"There are times when you must be firm with a woman, aren't there? And the time has come for you to be firm!" The color in his cheeks deepened. He knew what to do with his men on the knoll, but not what to do in the present situation. "This is our home; our home is our country. Here we remain; but, naturally, we don't propose to stick our heads out of the windows in a shower of shrapnel bullets," she continued. "Even your soldiers are not so zealous for death but they fight behind sand-bags. They are not like Mohammedan fatalists who so love to die for their illusions that they bare their breasts to bullets. We have already arranged sleeping-quarters in the rear. Good night!"

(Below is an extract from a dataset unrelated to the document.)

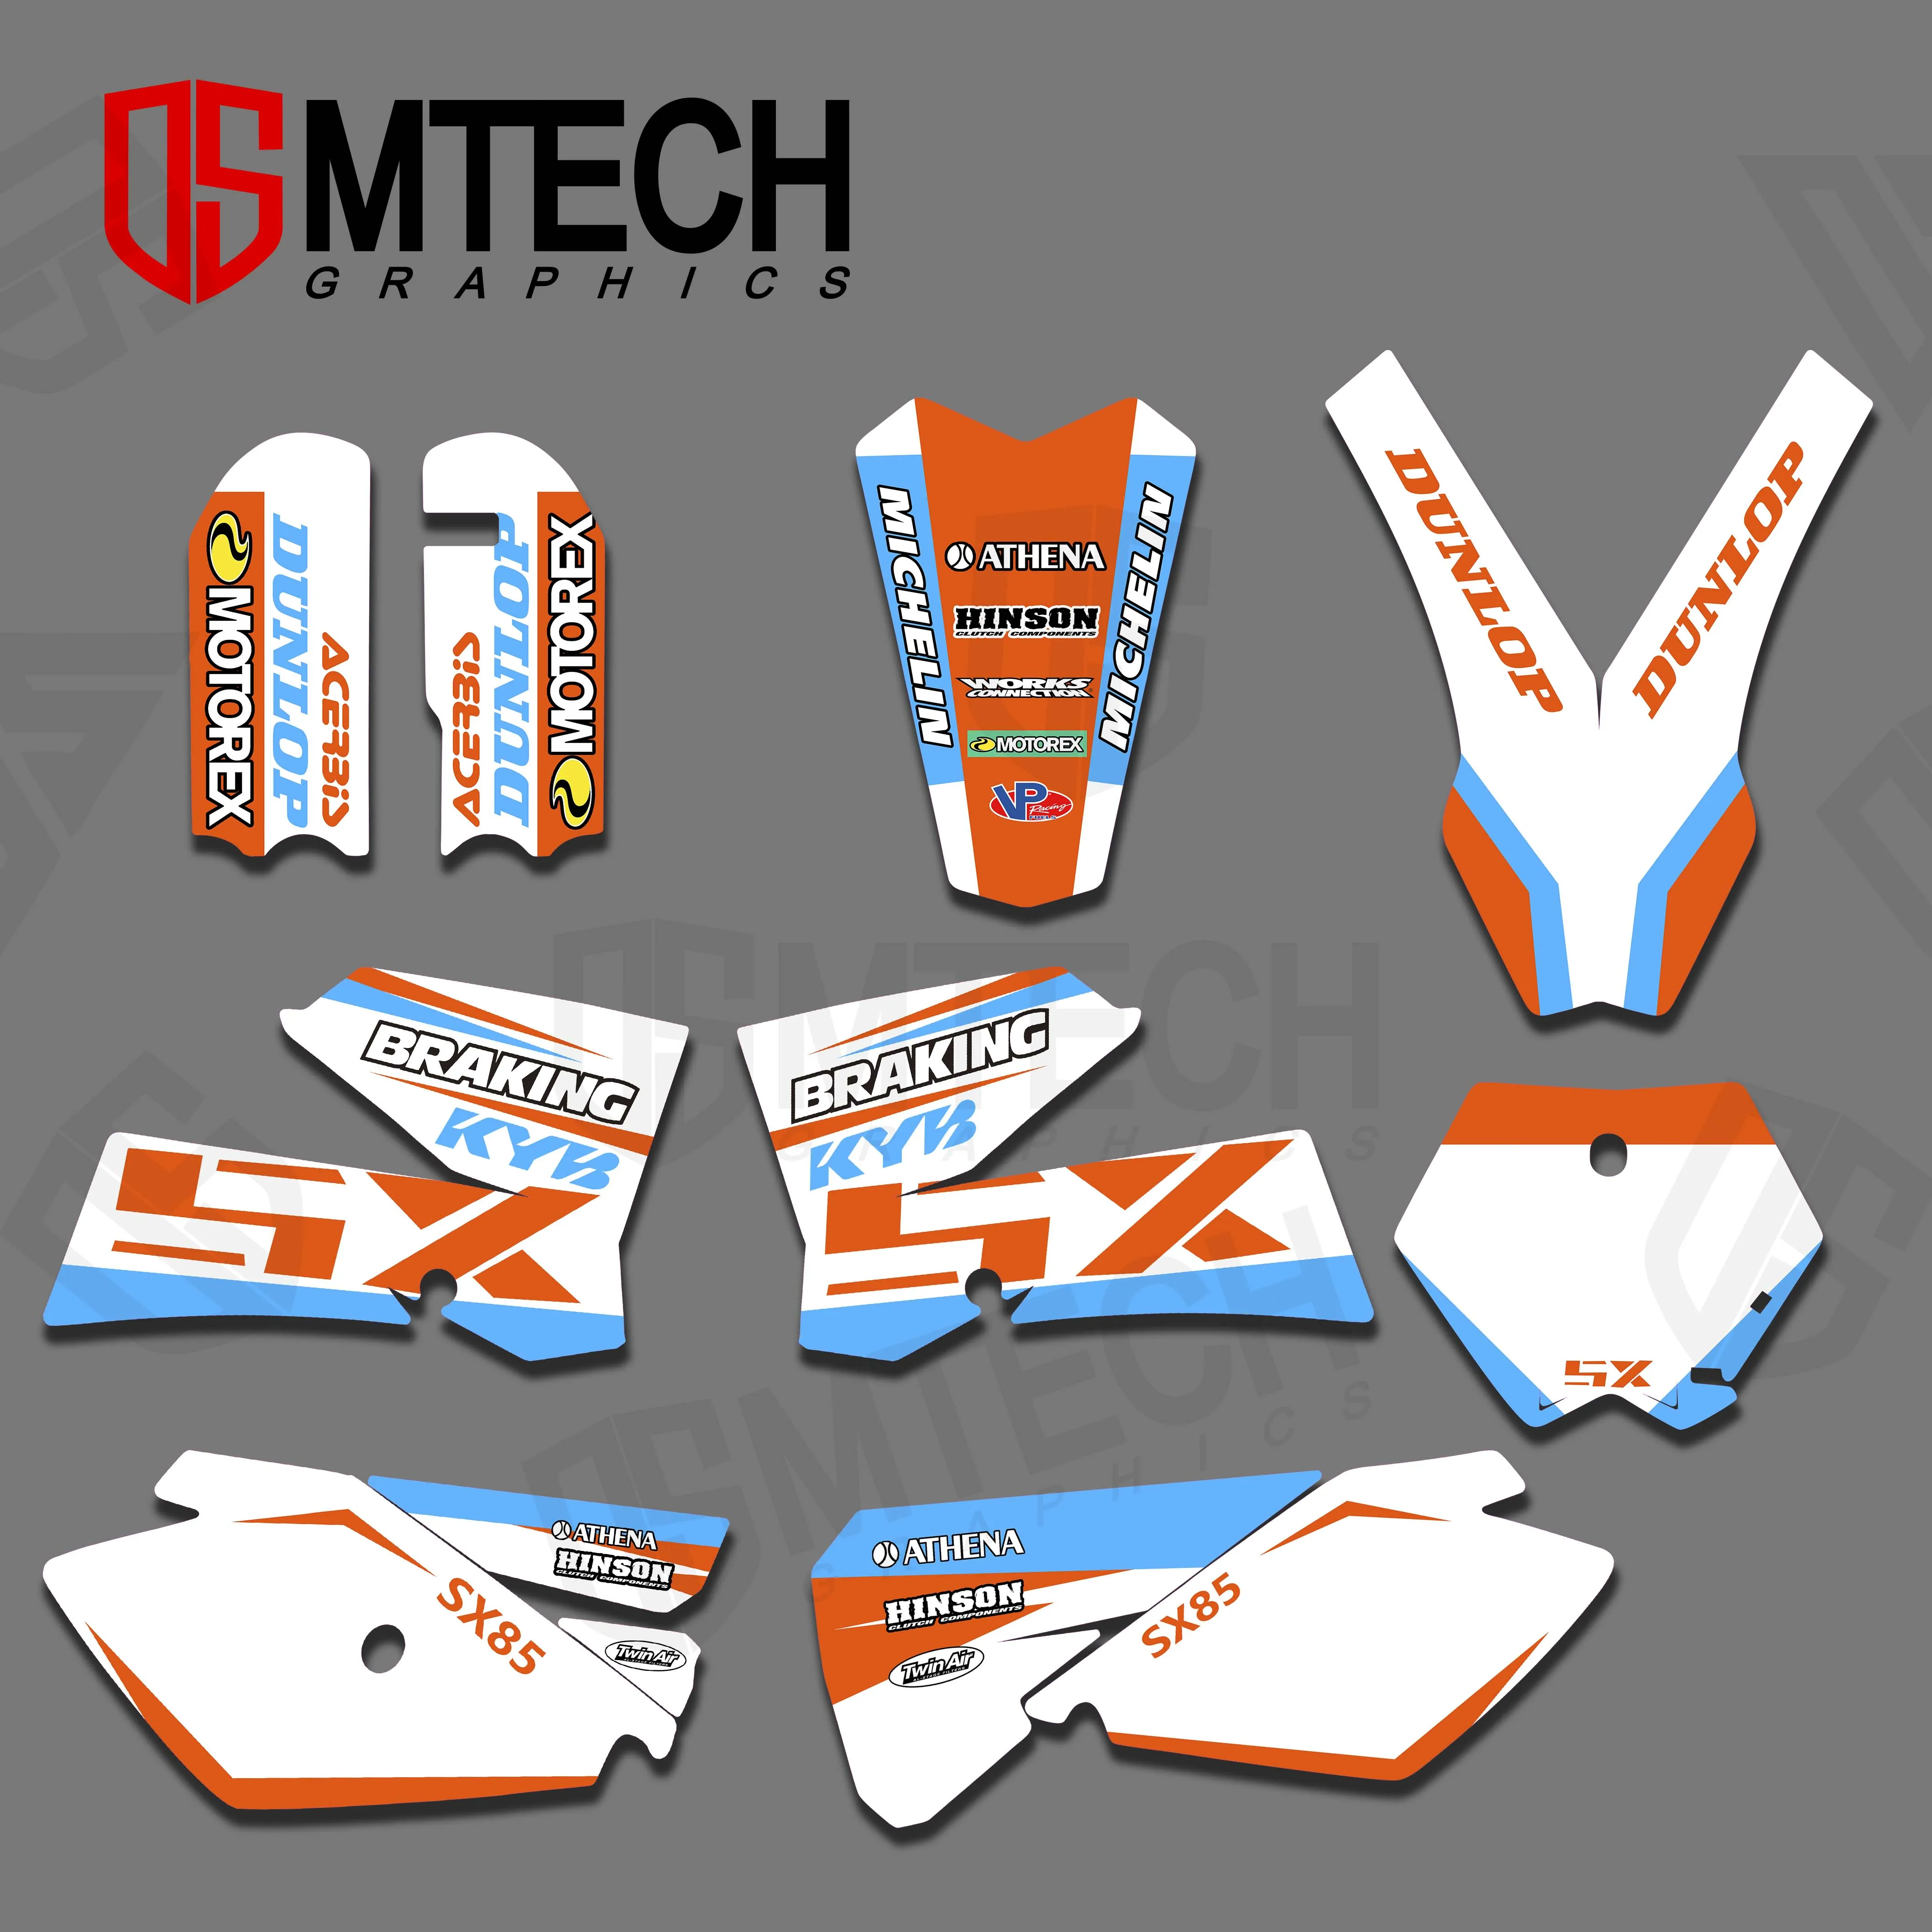 DSMTECH New TEAM GRAPHICS & BACKGROUNDS DECAL STICKER Set For KTM SX 85 SX85 85SX 03 -2007 2008 2009 2010 2011 2012 Personality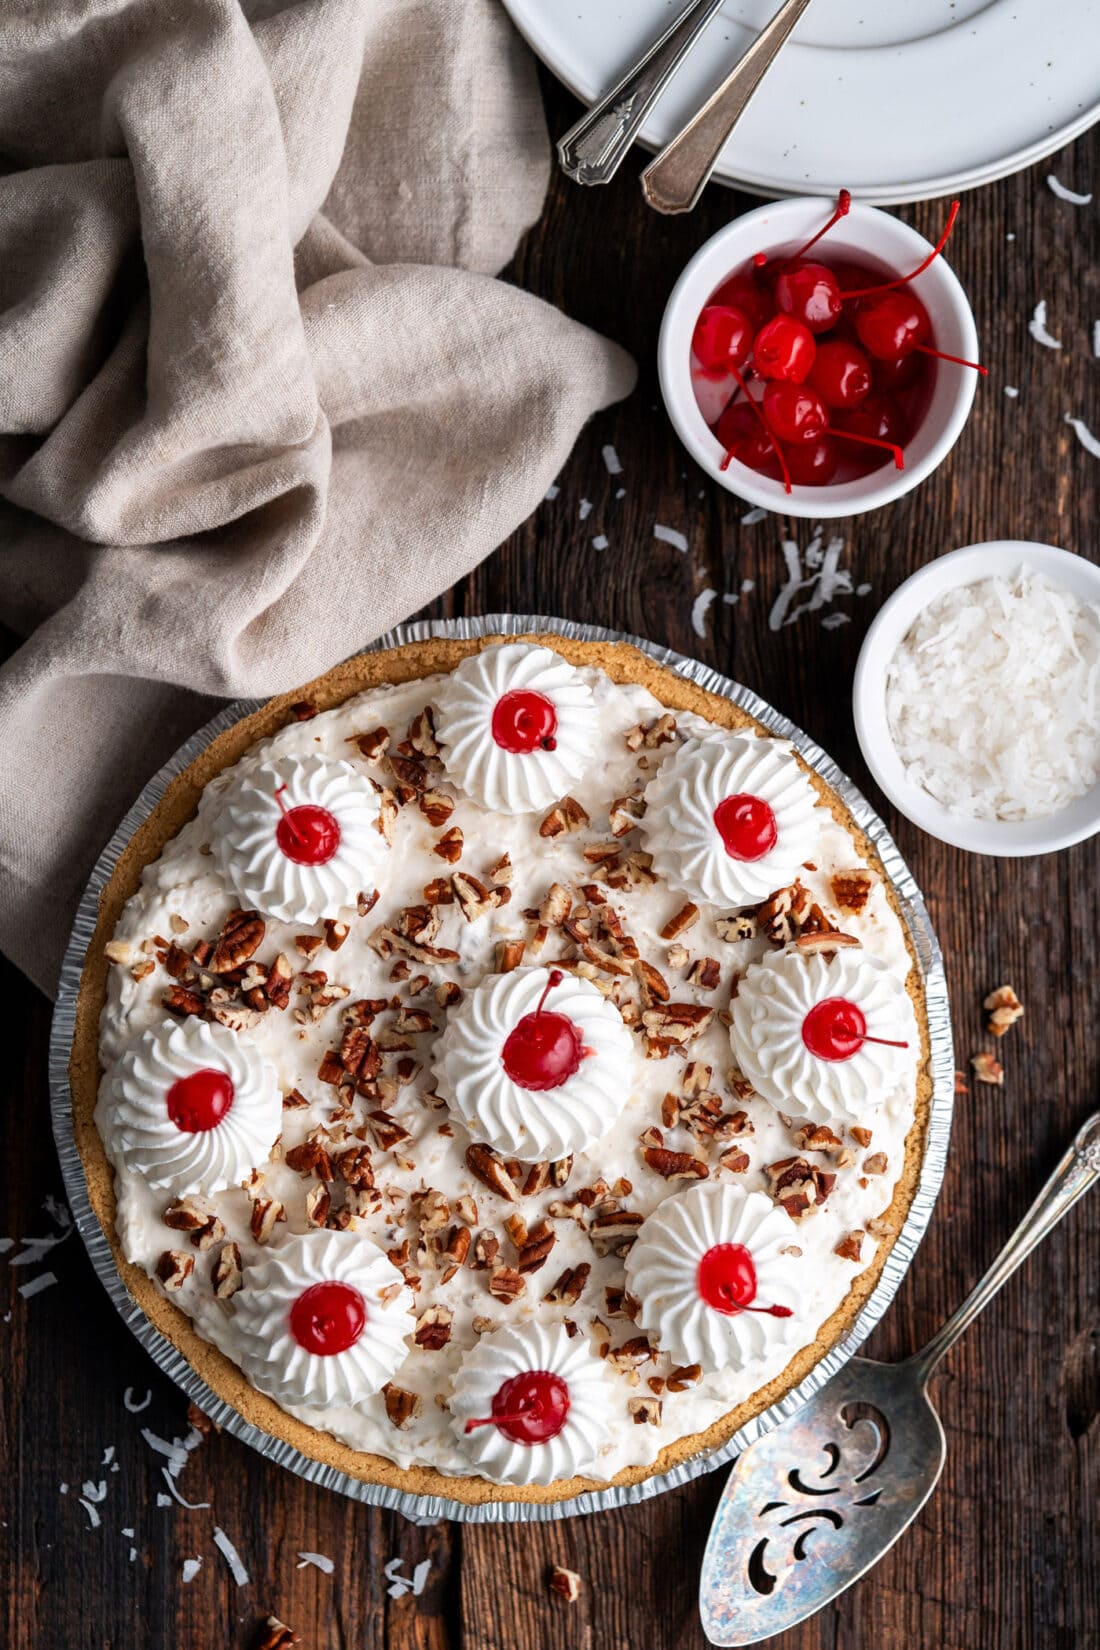 Million Dollar Pie with a bowl of cherries and shredded coconut on the side

She held out her hand with a smile of conventional pleasantry. Had it not been for the sound of firing, which still continued, and for the walls denuded of pictures, they might have been parting at the head of the stairs at a house-party. She stopped half-way up in an impulse to call back happily:
"You see, masculine firmness did calm feminine hysteria!"
"Oh, Miss Galland!" he exclaimed. "Miss Galland, you are beyond me!"
"What a pose! How foolish to break out in that way!" she thought angrily, as she hastened up the rest of the flight and along the corridor. "To him of all men! A pattern-plate of an officer, who never has had anything but a military thought! But everything is pose! Everything is abnormal! And sleep? Sleep is a pose, too. I feel as if my eyes would remain open forever. Oh, I wish they would begin the fighting and tear the house to pieces if they are going to! I wish—"
She was at the door of her mother's room, which was like an antique shop. Old plates lay on top of old tables, with vases on the floor under the tables. Surrounded by her treasures, Mrs. Galland awaited the attack; not as a soldier awaits it, but as that venerable Roman senator of the story faced the barbarous Gauls—neither disputing the power of their spears nor yielding the self-respect of his own mind and soul. She had lain down in her wrapper for the night, and the light from a single candle—she still favored candles—revealed her features calm and philosophical among the pillows. Yet the magic of war, reaching deep into hidden emotions, had her also under its spell. Her voice was at once more tender and vital.
"Marta, I see that you are all on wires!"
"Yes; jangling wires, every one, jangling every second out of tune," Marta acquiesced.
"Marta, my father"—her father had been a premier of the Browns—"always said that you may enjoy the luxury of fussing over little things, for they don't count much one way or another; but about big things you must never fuss or you will not be worthy of big things. Marta, you cannot stop a railroad train with your hands. This is not the first war on earth and we are not the first women who ever thought that war was wrong. Each of us has his work to do and you will have yours. It does no good to tire yourself out and fly to pieces, even if you do know so much and have been around the world."
She smiled as a woman of sixty, who has a secret heart-break that she had never given her husband a son, may smile at a daughter who is both son and daughter to her, and her plump hand, all curves like her plump face and her plump body, spread open in appeal.